Aim of the task:
Go to the line below that has "5-Bromovanillin - 164-166 °C", print it and each line after it exactly, and stop after the line that has "Side by side"; leave out pictures.

Recorded data
——

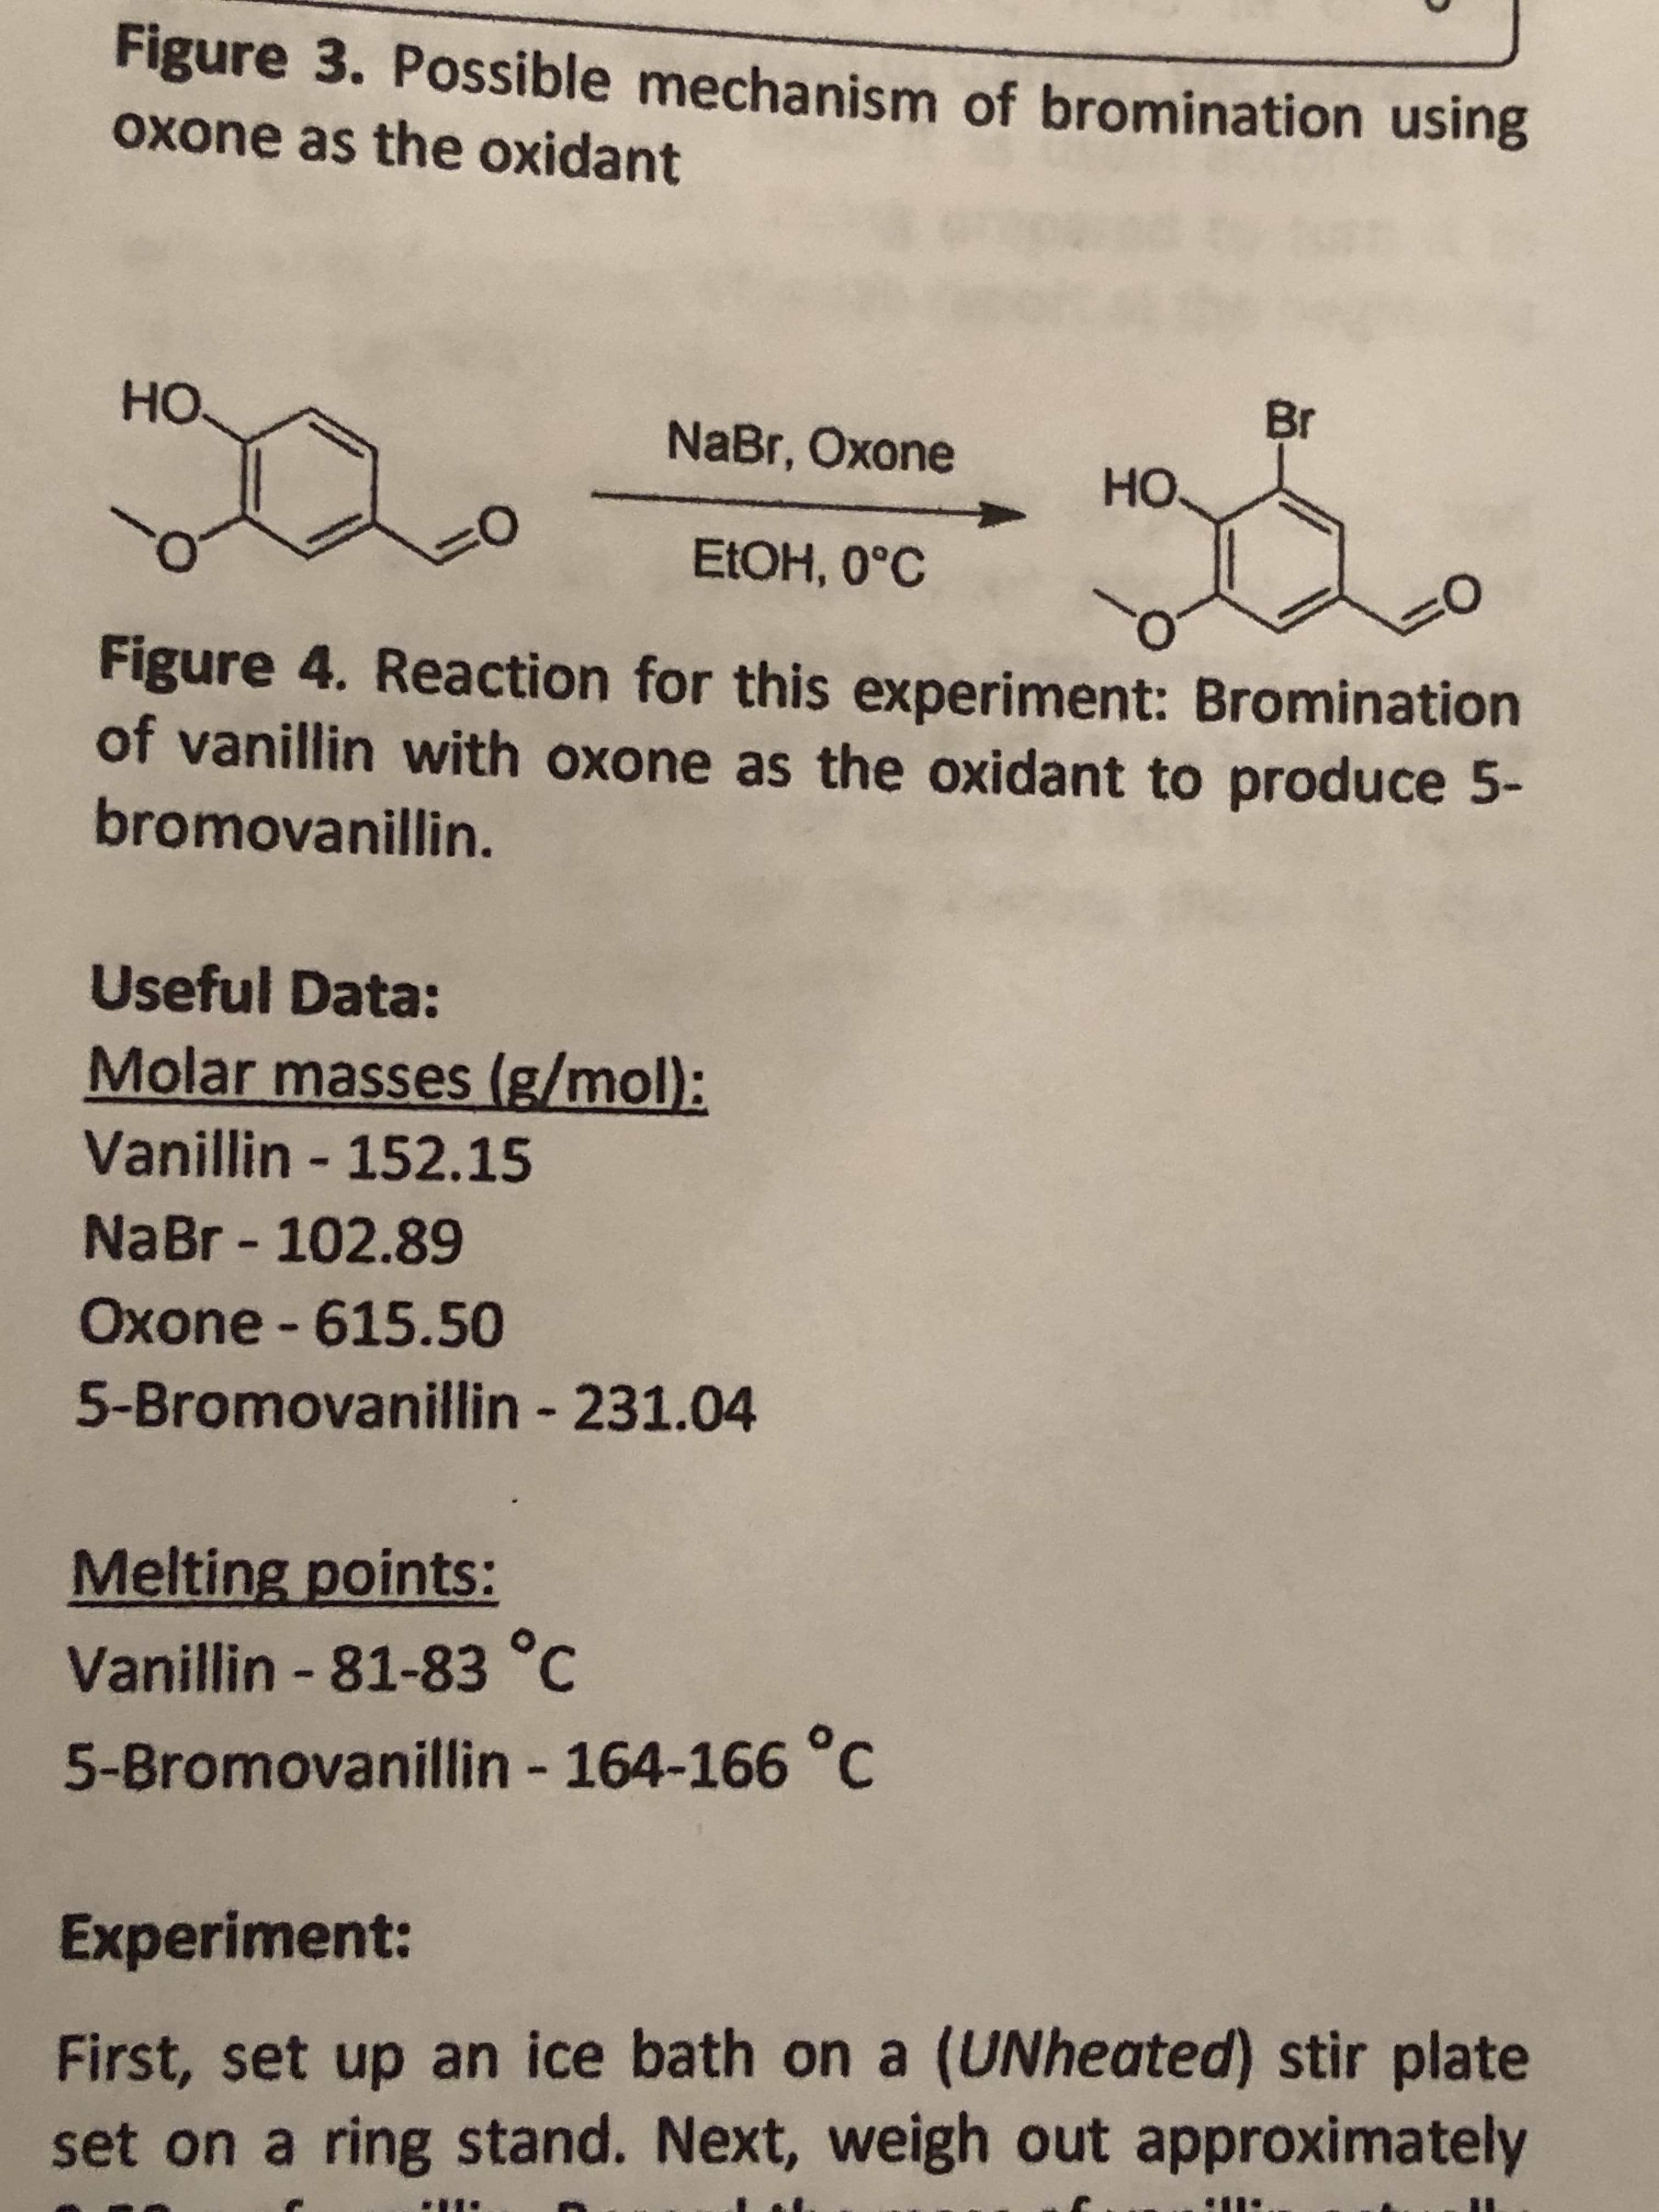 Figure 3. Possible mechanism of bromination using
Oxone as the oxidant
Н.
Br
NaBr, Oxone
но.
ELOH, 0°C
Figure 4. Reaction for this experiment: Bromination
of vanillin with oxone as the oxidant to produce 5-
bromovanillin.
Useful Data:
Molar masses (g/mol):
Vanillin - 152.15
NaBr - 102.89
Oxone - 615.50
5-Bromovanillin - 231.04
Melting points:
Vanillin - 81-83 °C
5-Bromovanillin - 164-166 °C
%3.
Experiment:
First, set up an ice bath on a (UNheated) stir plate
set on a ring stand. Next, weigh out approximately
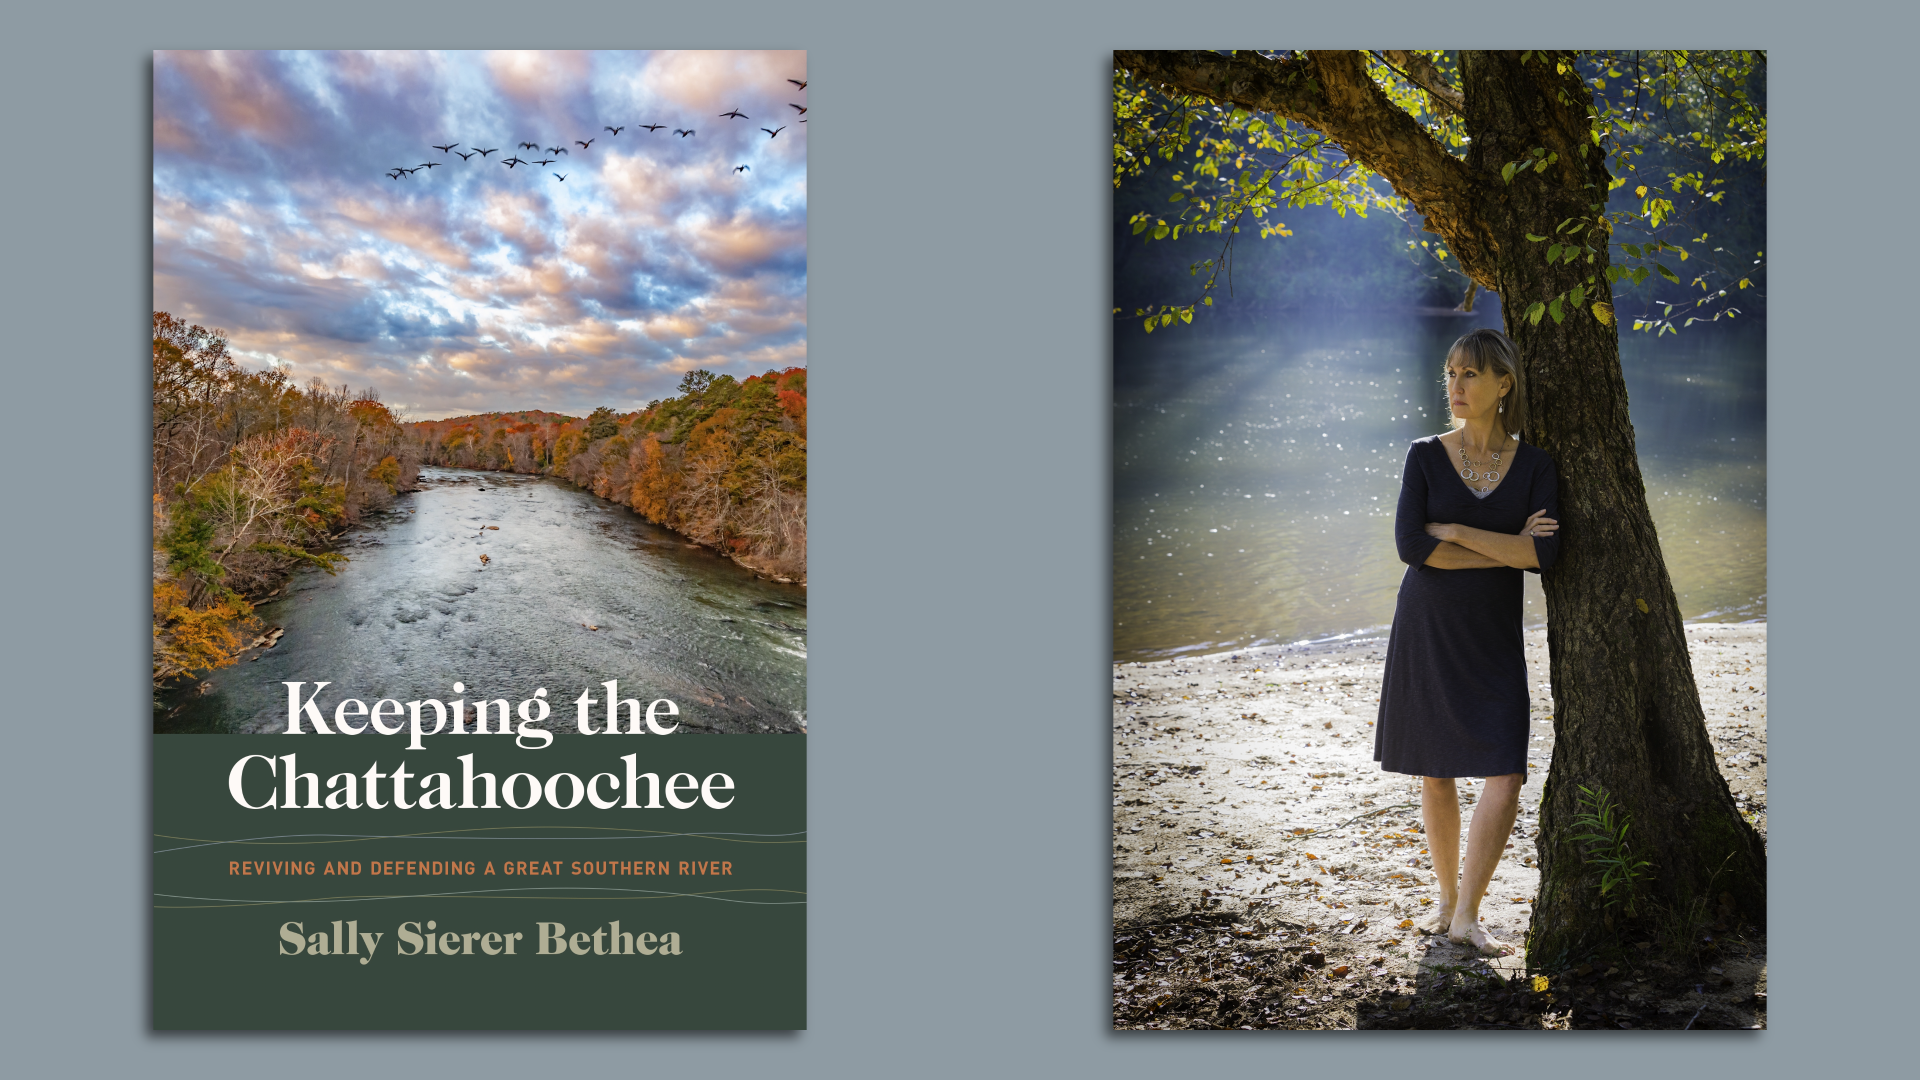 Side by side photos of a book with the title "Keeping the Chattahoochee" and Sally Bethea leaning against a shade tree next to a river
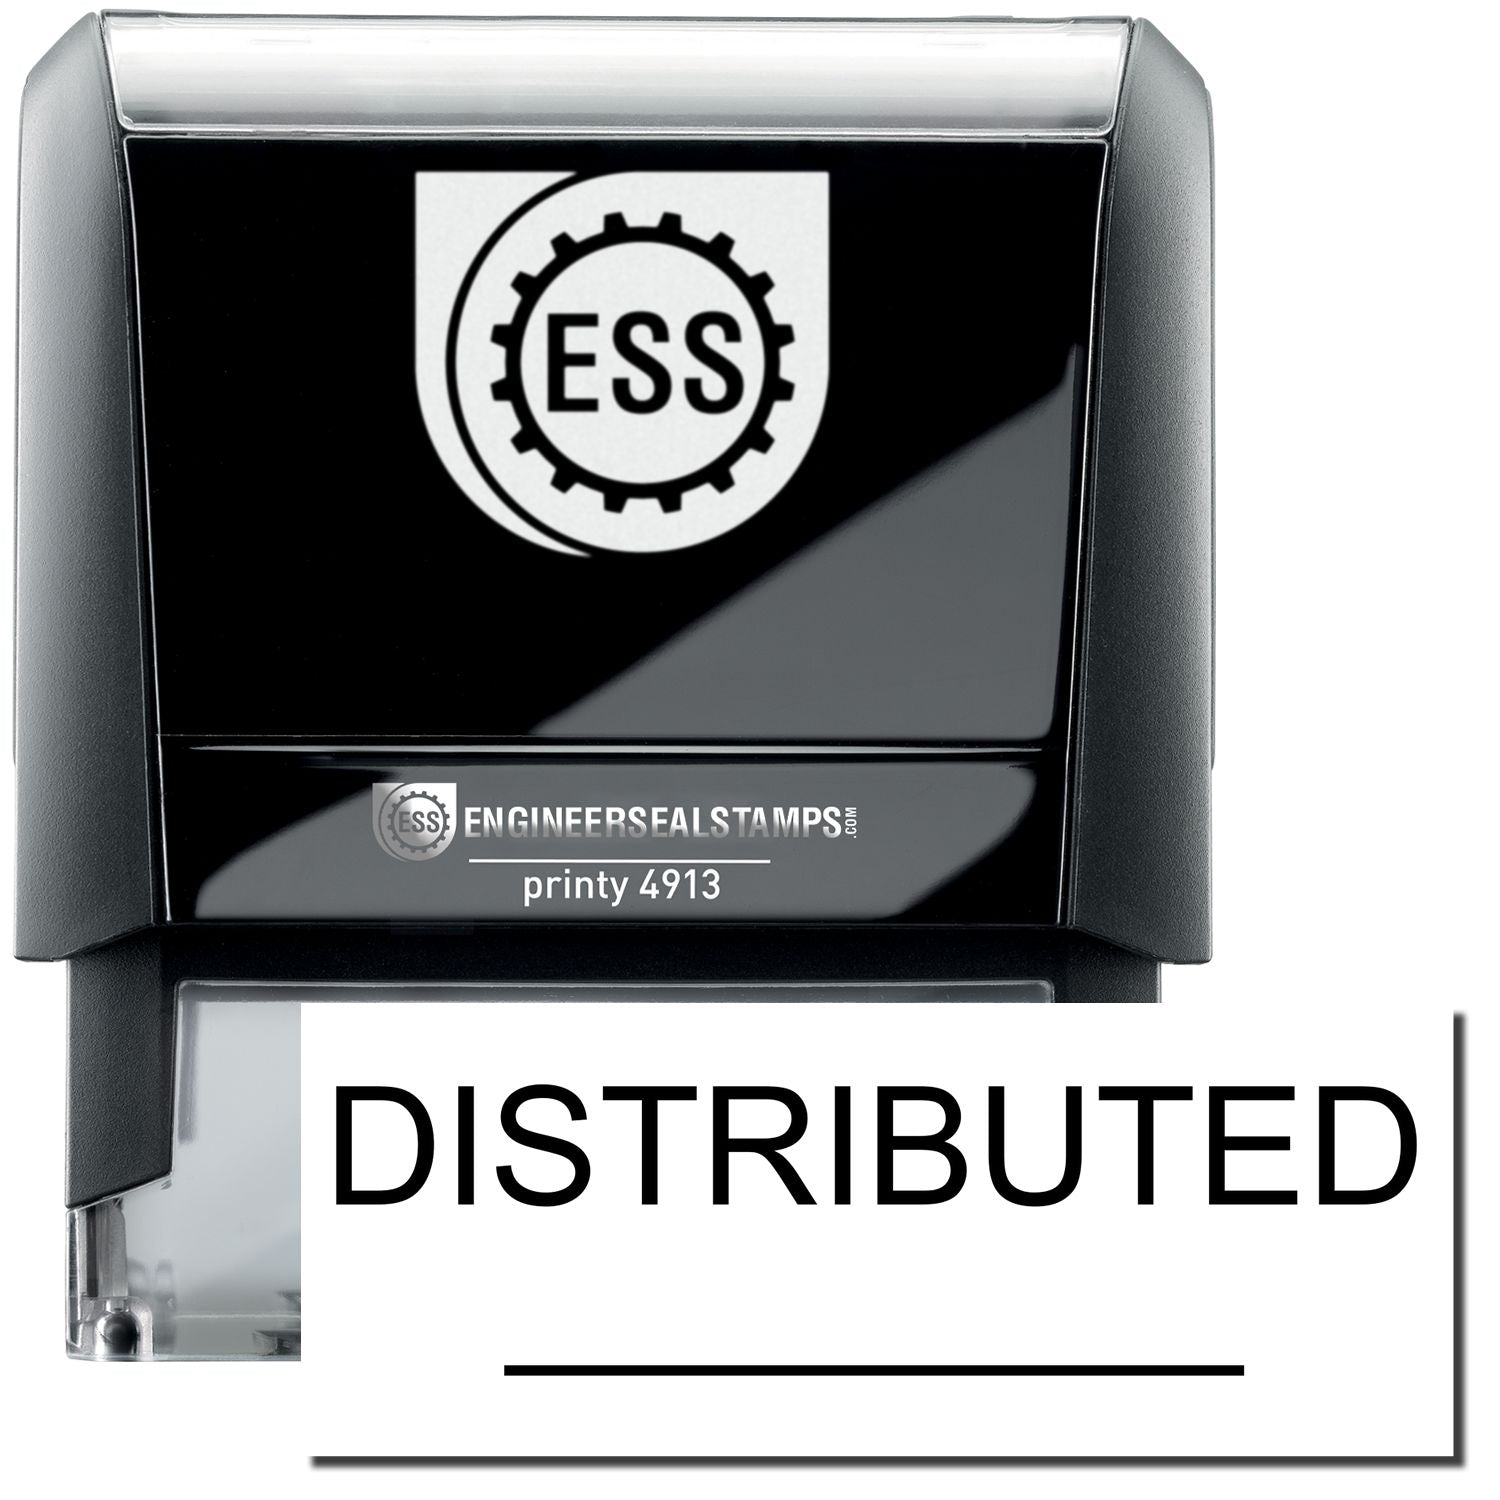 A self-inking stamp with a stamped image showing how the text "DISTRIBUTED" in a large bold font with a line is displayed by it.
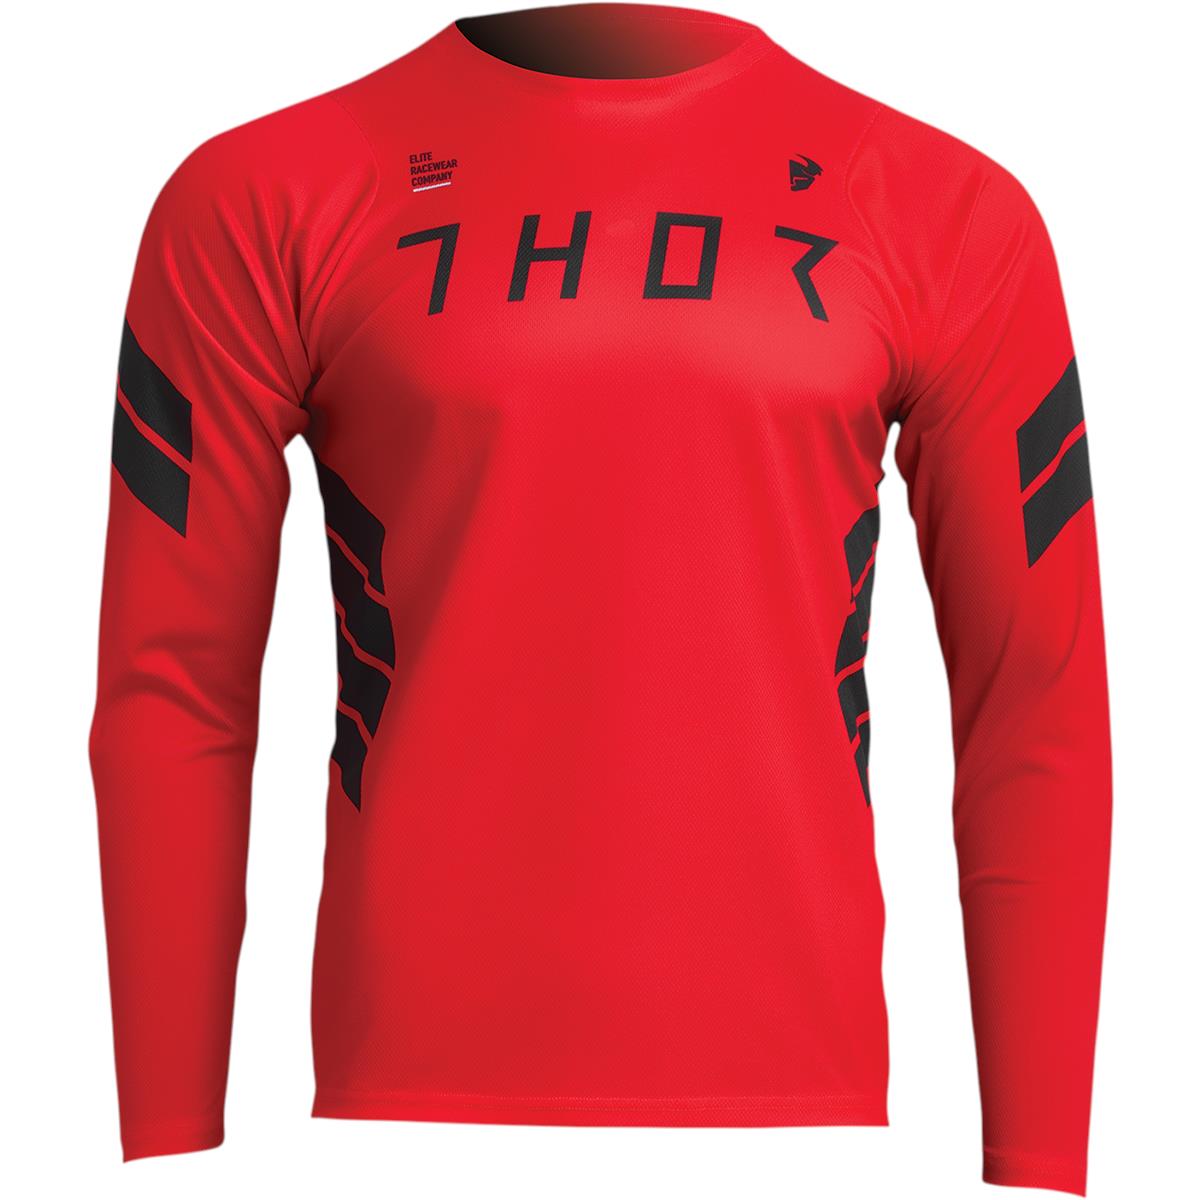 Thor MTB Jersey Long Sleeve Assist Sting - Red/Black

——

Solution to the problem:
5-Bromovanillin - 164-166 °C
%3.
Experiment:
First, set up an ice bath on a (UNheated) stir plate
set on a ring stand. Next, weigh out approximately
 Side by side photos of a book with the title "Keeping the Chattahoochee" and Sally Bethea leaning against a shade tree next to a river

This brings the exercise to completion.